Blissing Out With Beat Poet Gary Snyder in Practice of the Wild


Allen Ginsberg isn’t the only beat poet to get the big-screen treatment this season. While Rob Epstein and Jeffrey Friedman’s Howl intercut illustrated readings of its titular poem with a re-creation of the legal battles surrounding that work, The Practice of the Wild, John Healey’s 52-minute profile of Gary Snyder, represents a much more appealingly modest proposition. Best known for appearing as Japhy Ryder in Jack Kerouac’s roman-à-clef The Dharma Bums as well as for his own Zen-inflected ecologically committed poetry, the now-80-year-old Snyder appears onscreen as a distinguished, if still vital, graybeard.
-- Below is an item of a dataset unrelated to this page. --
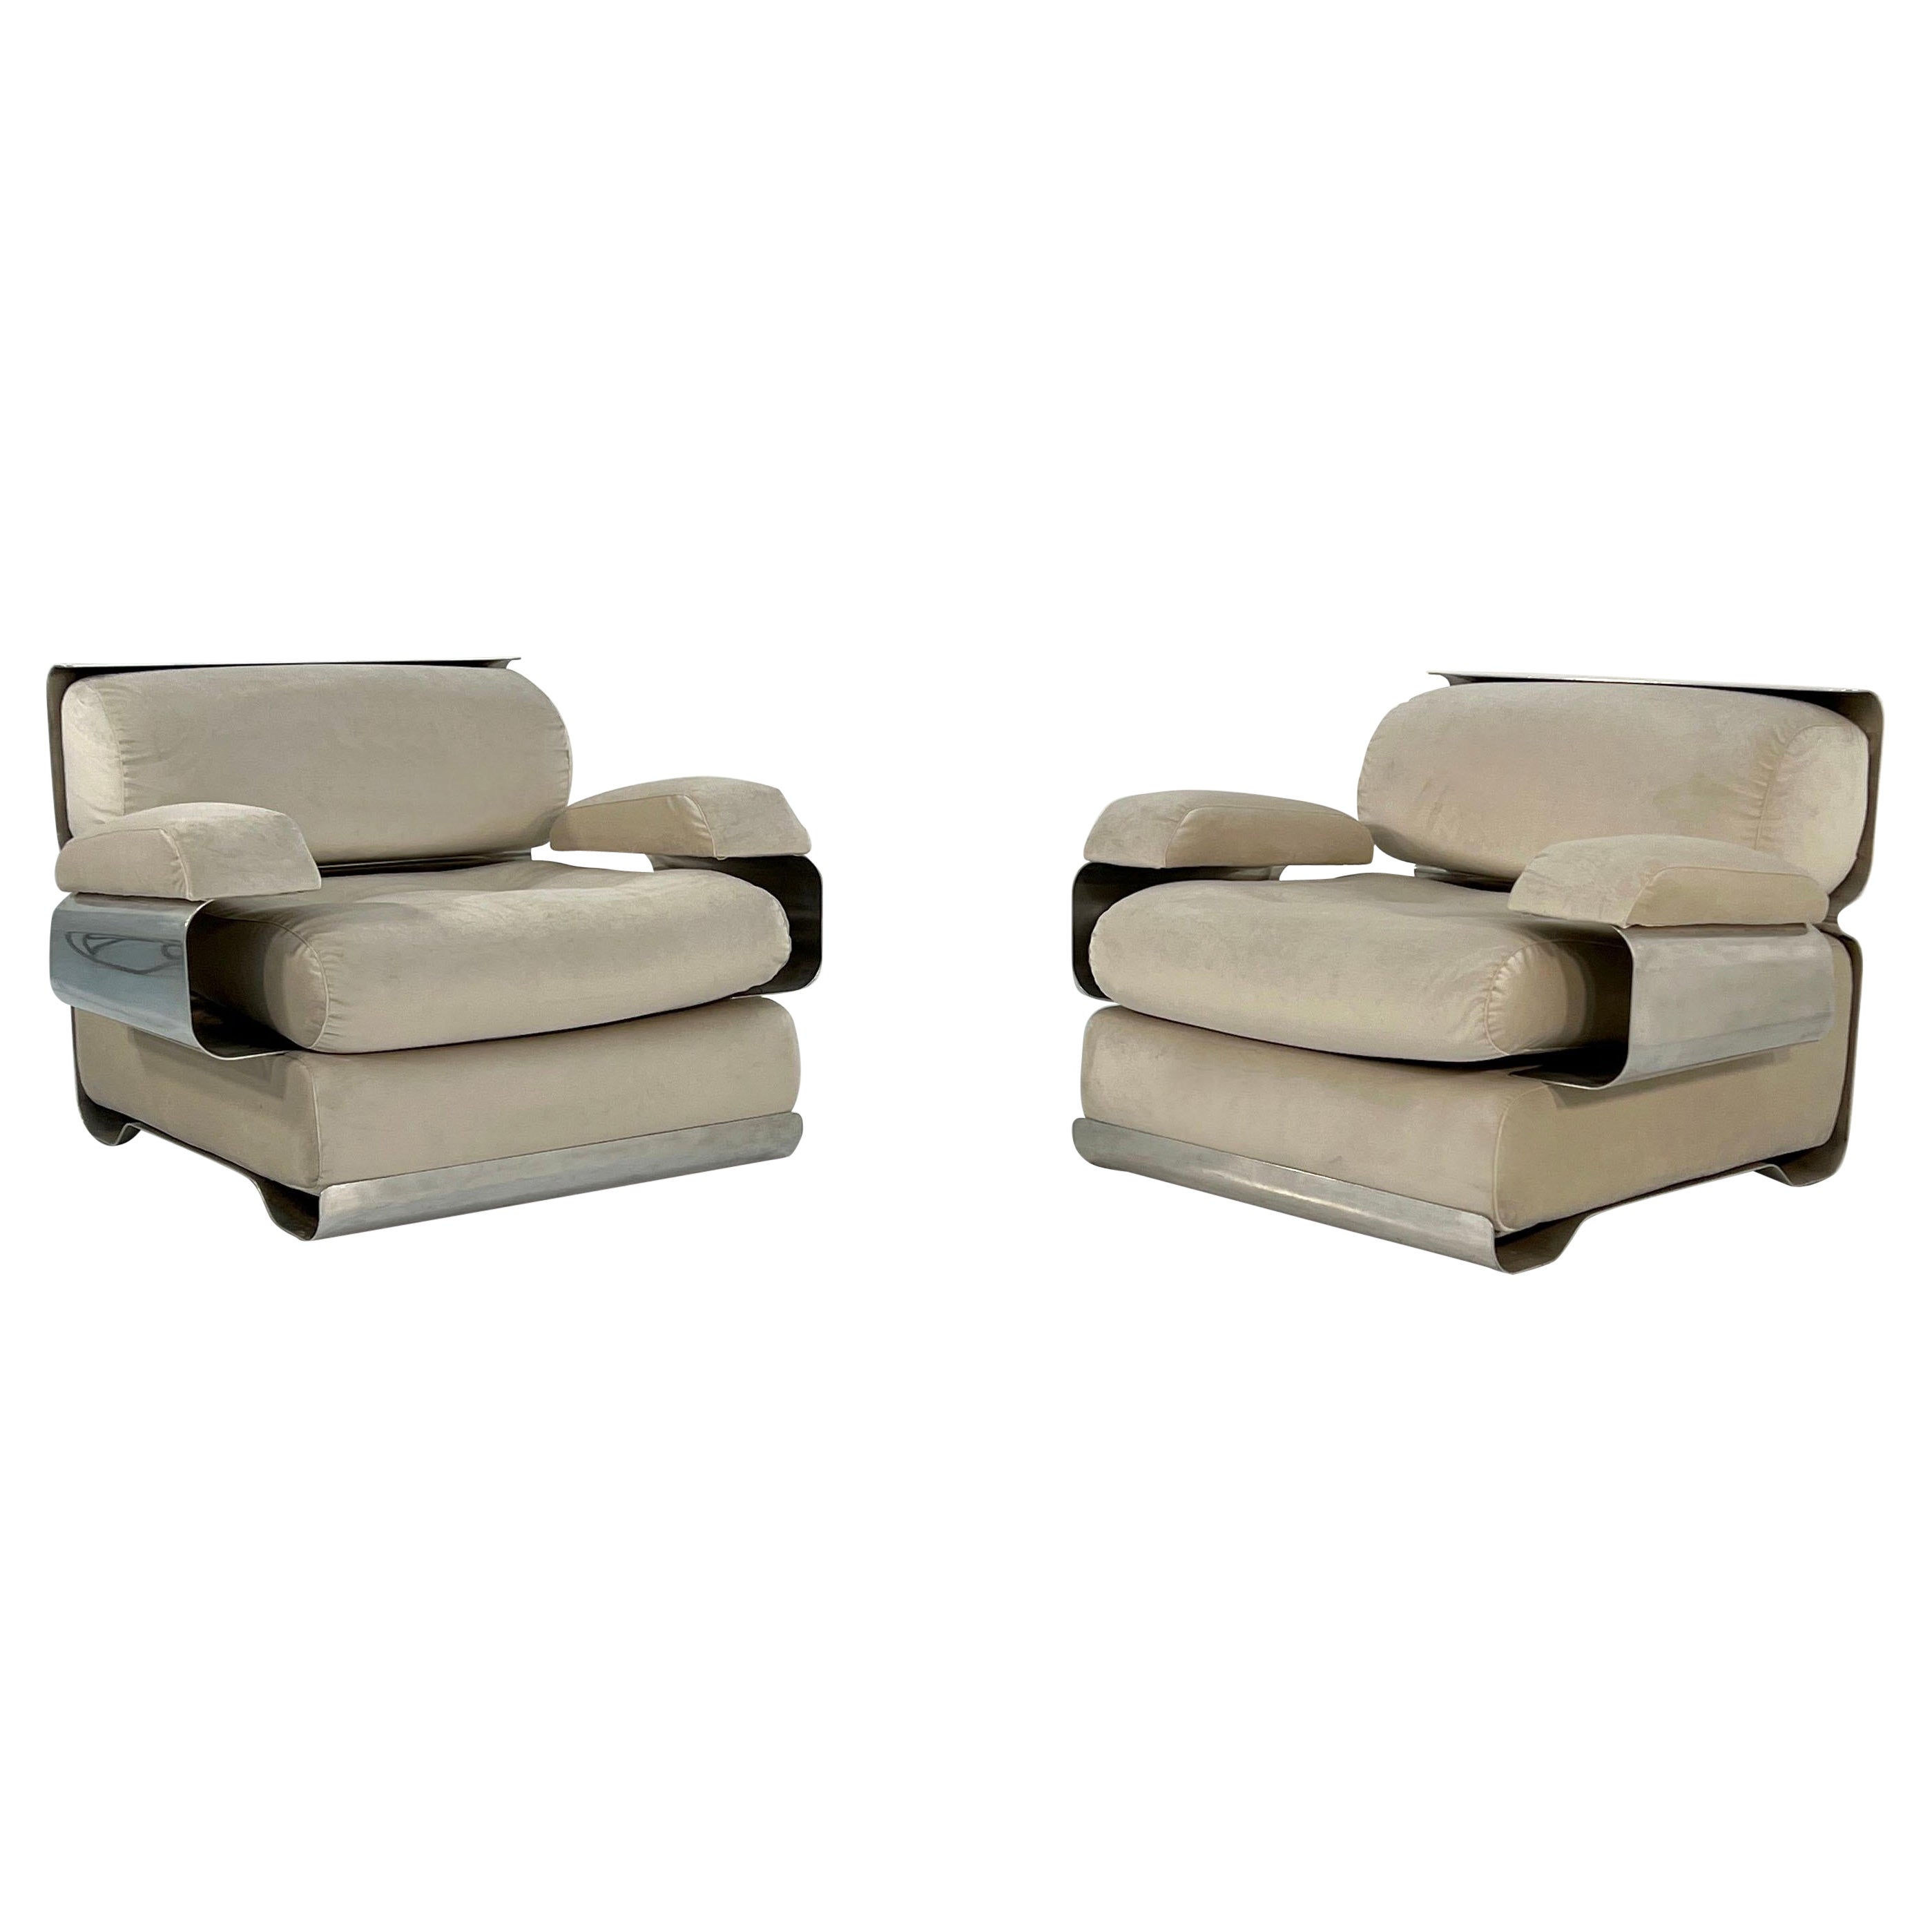 Pair of Armchairs by Gian Pietro Arosio for D.A.S, 1970s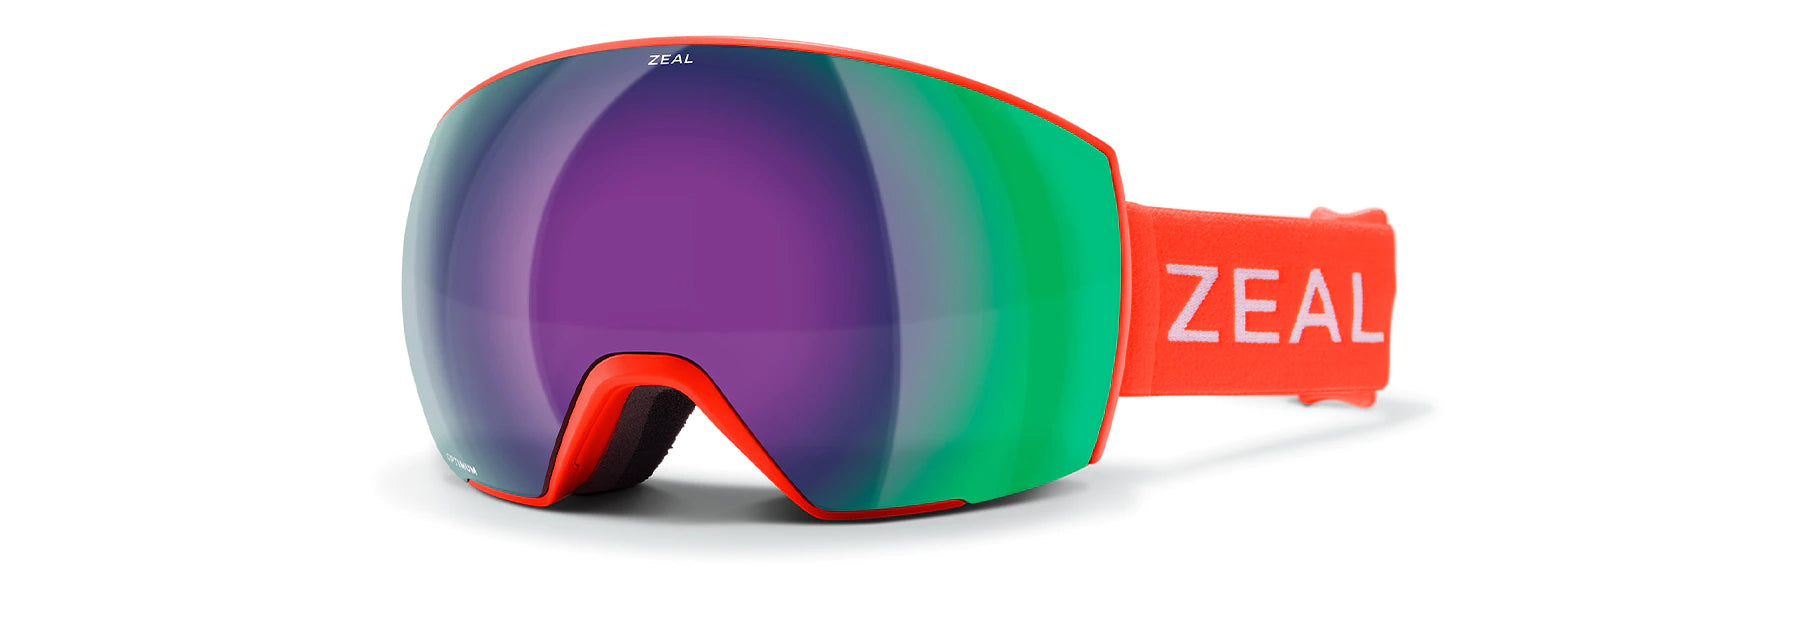 Zeal- Hangfire Observation Deck Technology Ski & Snowboard Goggles coral Strap

Whether reading selections from his collected verse or chatting with novelist and old friend Jim Harrison about such subjects as his longtime residence in Japan, his aversion to public life, and his vision of a world out of balance, Snyder’s registers as a keen and always curious intelligence. No less a mishmash than Epstein and Friedman’s film, Healey’s document mixes in some vaguely illuminating chunks of talking-head commentary and a few snippets of choice archival footage, but nothing feels strained. The film’s as relaxed and unhurried as a beat blissing out on some choice weed, as Zen as the brand of Buddhism that Snyder helped bring to the American consciousness.